The standstill provision does not prohibit Hayao from, among other things, making a non-public, confidential acquisition proposal to the Board. Additionally, upon (i) the issuance by the Company’s auditors of an opinion containing a going concern qualification after the closing of the Second Subsequent Issuance, (ii) the Company being in material breach of any financial maintenance covenant (that is neither cured nor waived) after the closing of the Second Subsequent Issuance or (iii) eighteen months after the closing of the Initial Issuance, after an initial period of negotiation with the Board, Hayao will be permitted to make a public acquisition proposal to acquire 100% of the outstanding shares of common stock of the Company in an all cash tender offer, which must be conditioned upon either prior approval of a special committee of independent directors or a majority of the shares held by non-Hayao holders.

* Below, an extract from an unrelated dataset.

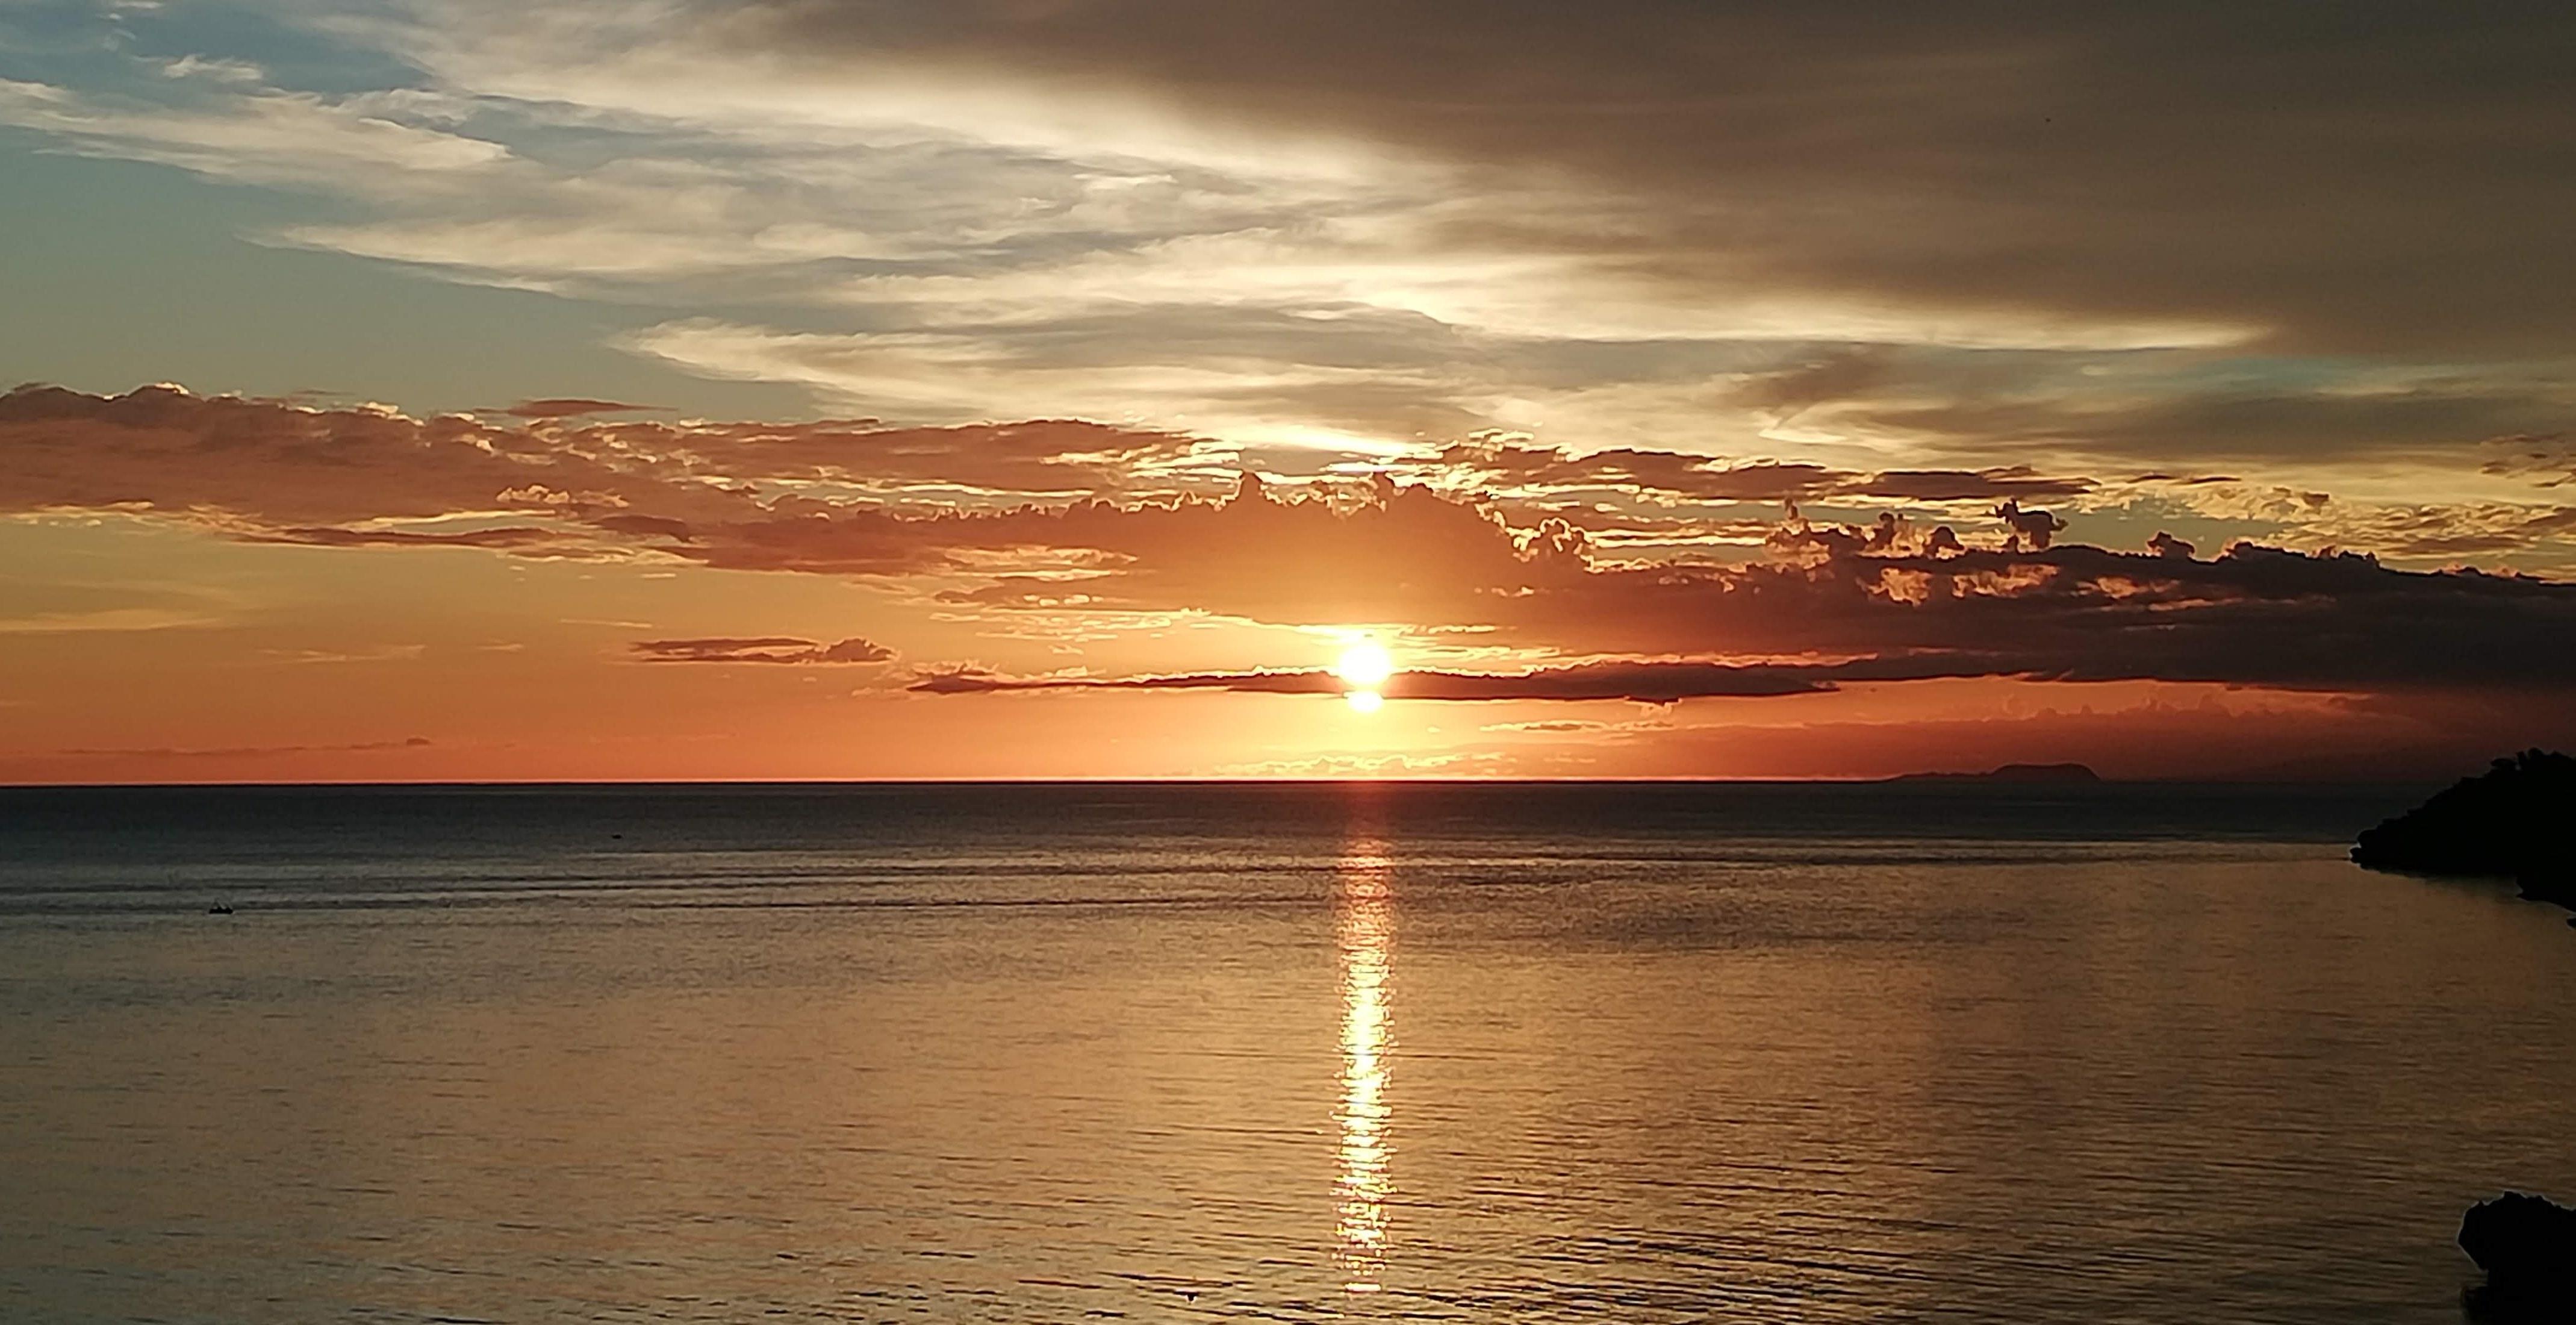 De zon in de zee zien zakken

Corporate Opportunity; DGCL Section 203. The Delaware General Corporate Law (“DGCL”) permits corporations to adopt provisions renouncing any interest or expectancy in certain opportunities that are presented to the corporation or its officers, directors or stockholders. Under the Stockholders Agreement, the Company will renounce any interest or expectancy in corporate opportunities presented to Hayao and related entities other than corporate or business opportunities offered to any such person in his or her capacity as a director or officer of the Company. In addition, the Company is subject to Section 203 of the DGCL (“Section 203”), which imposes restrictions on certain business combinations involving interested stockholders unless, among other things, the Board has approved the business combination or the transaction which resulted in the stockholder becoming an interested stockholder. The Company has exempted Hayao from these restrictions on certain business combinations under the relevant provisions of Section 203.

The foregoing description of the Stockholders Agreement does not purport to be complete and is qualified in its entirety by reference to the full text of such document, which is attached hereto as Exhibit 10.2 and is incorporated by reference into this Item 1.01.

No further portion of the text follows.